Огромный Суета впереди бежал с тяжкой палицей; встал перед ним начальник ляшский, да не в добрый час: раскололась его железная шапка вместе с головой от богатырского удара; не вскрикнув, упал лях на землю. Тененев да Павлов тоже горячую борьбу затеяли, остальные бойцы помогали им, кто как мог.
Монастырские воины со стен любовались на подвиги товарищей, поощряли их громкими криками. Многие тоже порывались вниз, на битву.
На шум пришел отец архимандрит: болело сердце старого инока за святую обитель, не мог усидеть он в горнице у воеводы.
Подошел к отцу Иоасафу пятисотенный стрелецкий.
— Отец архимандрит, сладу нет с молодцами нашими: вишь, опять на бой пошли. Я было задержать их хотел — куда тебе! Опасаюсь я лукавства ляшского; нет ли где засады. Пропадут ни за что!
Покачал головой игумен.
— Вон уж погнали! — кивнул пятисотенный на бойцов, одолевших ляхов. — И куда бегут? К оврагу, вбок!
И вправду, ляхи пустились сломя голову бежать, но не назад, к турам, а вправо — к тому оврагу, что до Красных ворот доходил. Суета с товарищами вплотную гнали их все дальше и дальше. Громкие голоса сражающихся становились слабее и глуше, монастырцы с ляхами слились в одну нестройную толпу.
— Эх, эх! — вздыхал пятисотенный. — Чует мое сердце, что попадут наши молодцы в переделку. И чего их несет, ведь побили нехристей?! Вон уж, близко.
— Что же так стоять-то? — молвил отец Иоасаф и быстро и бодро, словно юноша, взбежал на башню по крутой лестнице. Там стражи, перегнувшись через зубцы, на бой глядели, шутя да посмеиваясь.
— Братцы, воины православные! — поспешно крикнул архимандрит. — Гляньте-ка туда, подале, к оврагу! Чается мне, залегла там ляшская засада. Гляньте получше, молодцы. Мои очи старые, далеко не видят.
Засуетились стражи, иные на зубцы влезли.
— Копья, копья блестят! — закричал один.
— В кустах-то шлемы видны!
— Никак и фитили пищальные курятся…
— Эх, побьют они наших!
В тоске и страхе за храбрых воинов стал отец Иоасаф растерянно по сторонам оглядываться. Упал его взор на большой осадный колокол, что на шестах у лестницы башенной привешен был; звонили в него во время приступов лютых, чтобы осажденных ободрить: держится-де обитель. Громозвучен был этот старый колокол.
— Бейте в колокол, ребята! — закричал отец Иоасаф, бросаясь к лестнице. — Дойдет до них звон — авось, остановятся, неразумные!
Гулко, торопливо, грозным набатом загудел осадный колокол, и понесся его медный голос с башни через поле вослед бойцам. Словно громкой речью разлился его звон окрест, словно звал он удальцов: "Назад! Назад! На смерть спешите!"
И послушались обительские воины того медного оклика: Суета обернулся на звон, остановился; с ним — и все другие. Снова загудел медный голос: "Назад! Назад!"

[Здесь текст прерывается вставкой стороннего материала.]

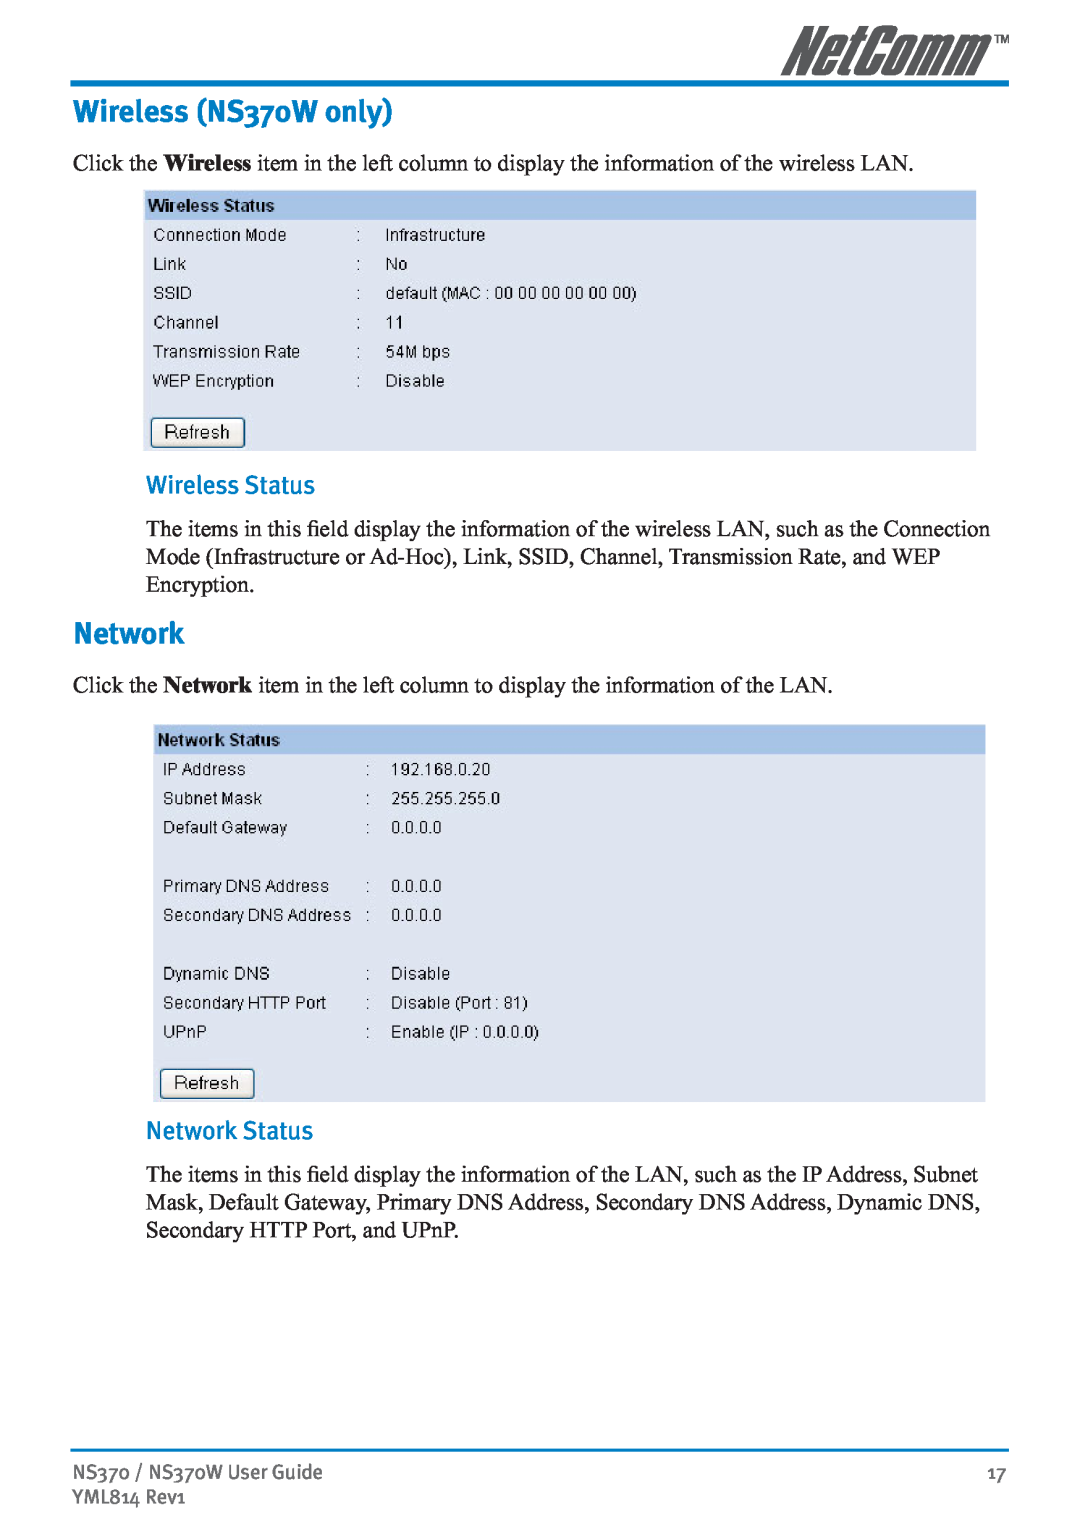 NetComm manual Wireless NS370W only, Wireless Status, Network Status 
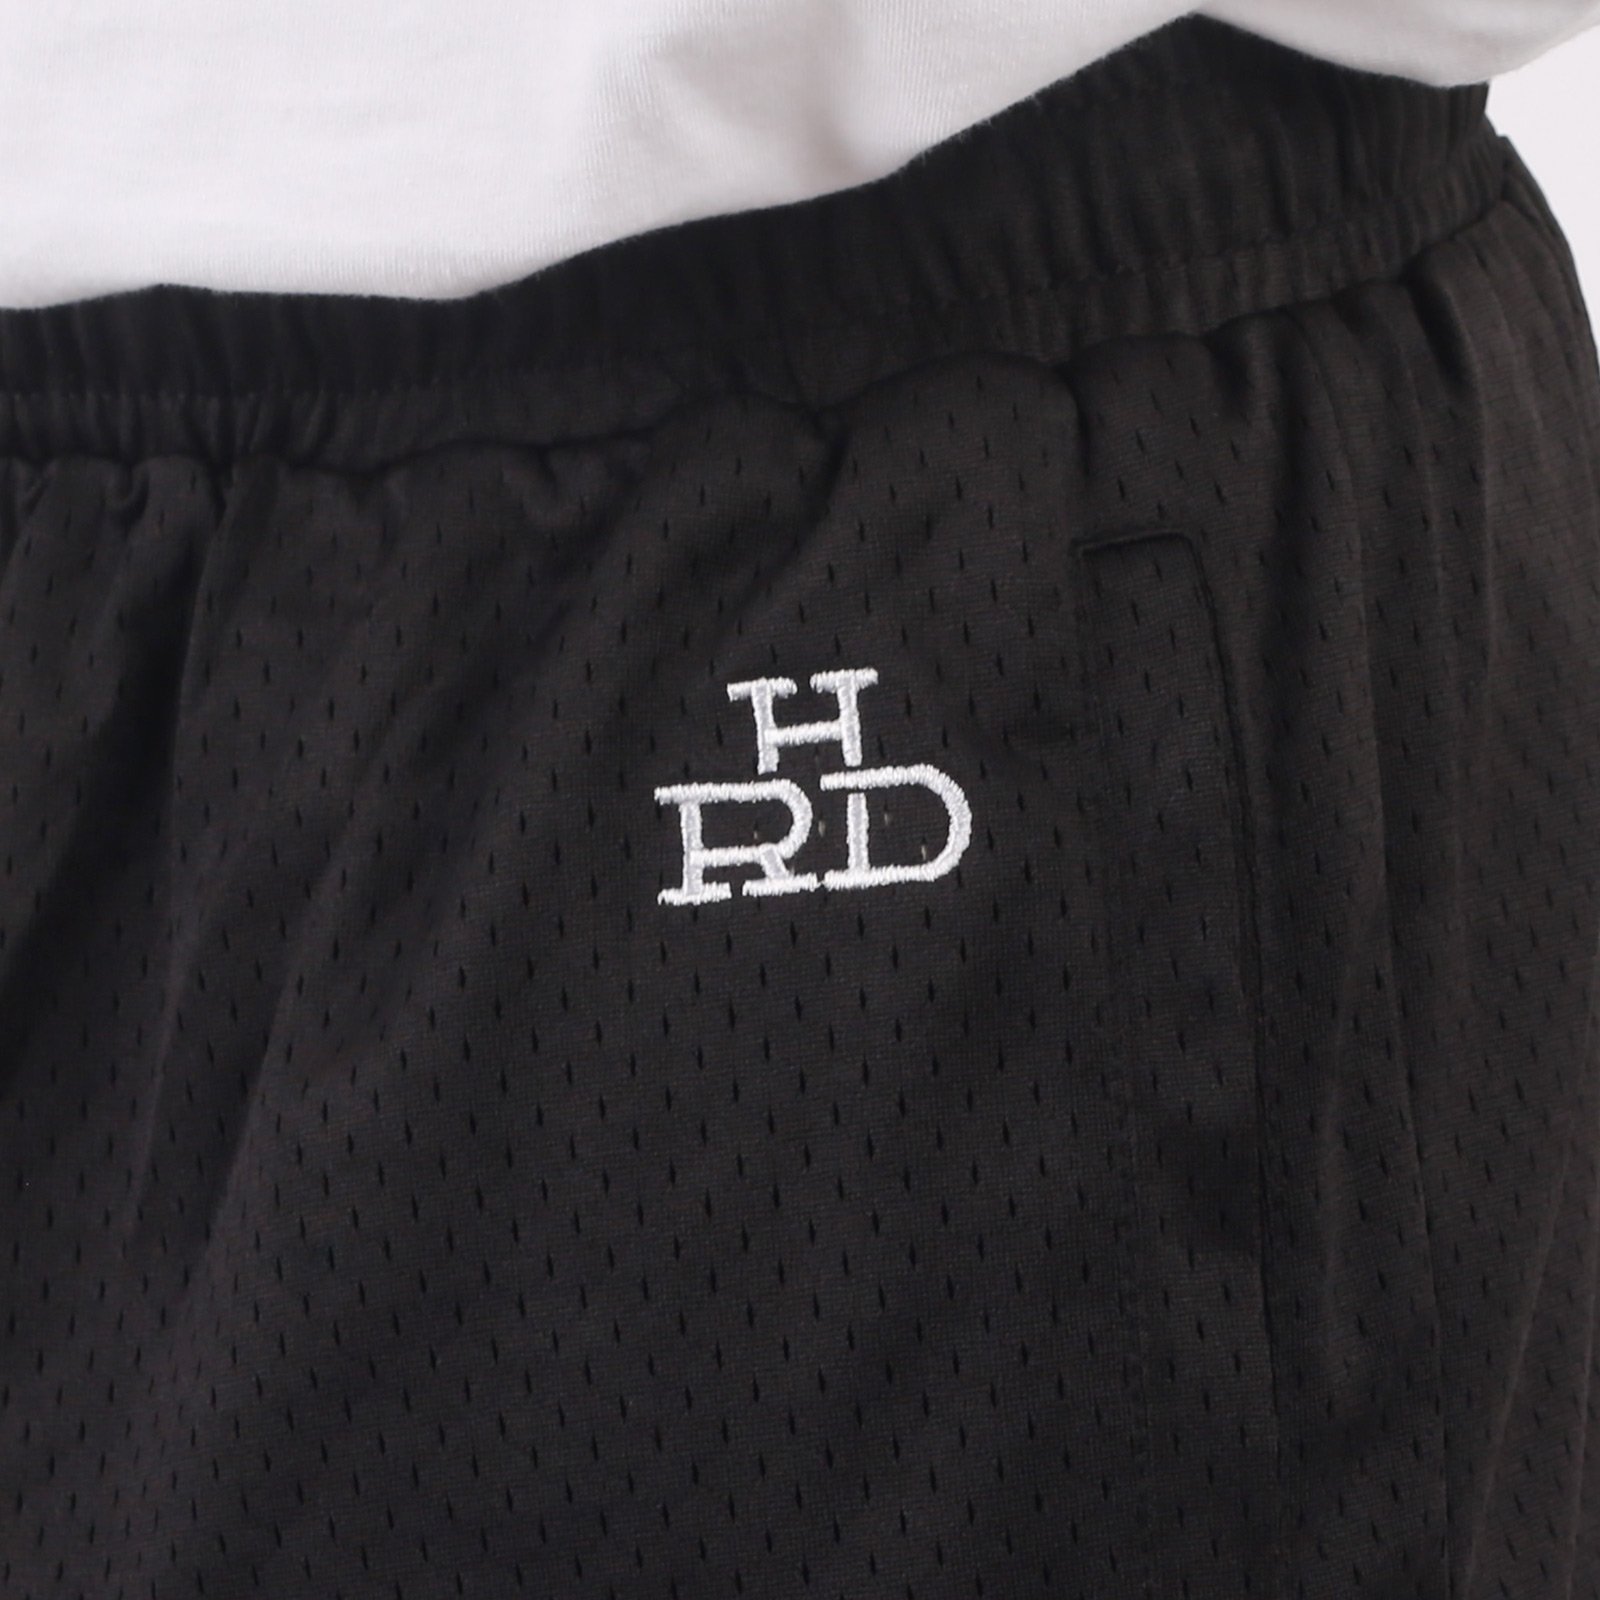 мужские черные шорты  Hard Open Run Open run-blk/wht - цена, описание, фото 5

— Воротились, идут! — раздались голоса на стенах.
— Слава святому Сергию — уберег молодцов!
— Из оврага-то, глядите, ляхи полезли.
Навстречу беглецам вышла из зарослей и кустов оврага стройная ляшская рать с нацеленными пищалями. Два ротмистра, сверкая саблями, вели отряд. Загрохотали выстрелы, но уже поздно было: монастырцы, увидев засаду, поспешили к стенам бегом, и пули далеко позади них посыпались в лужи и грязь осеннюю. К тому же со стен спустилось на подмогу своим еще немало бойцов; у монастырских пушек пушкари изготовились. Ляхи по-замедлили, посоветовались, подумали и повернули назад, в овраг…
Много дорогого оружия подобрали молодцы на месте схватки; с веселым говором и шумом взбирались они на монастырские стены. А там ждал уж их воевода, прибежавший на тревогу. Сердит был князь.
— Чего набольшего не спросились! — закричал он на Суету с товарищами. — Чего в погоню сунулись! Кабы не отец архимандрит, от вас бы ни одного не осталось! Был ли у вас приказ начальничий, неразумные?!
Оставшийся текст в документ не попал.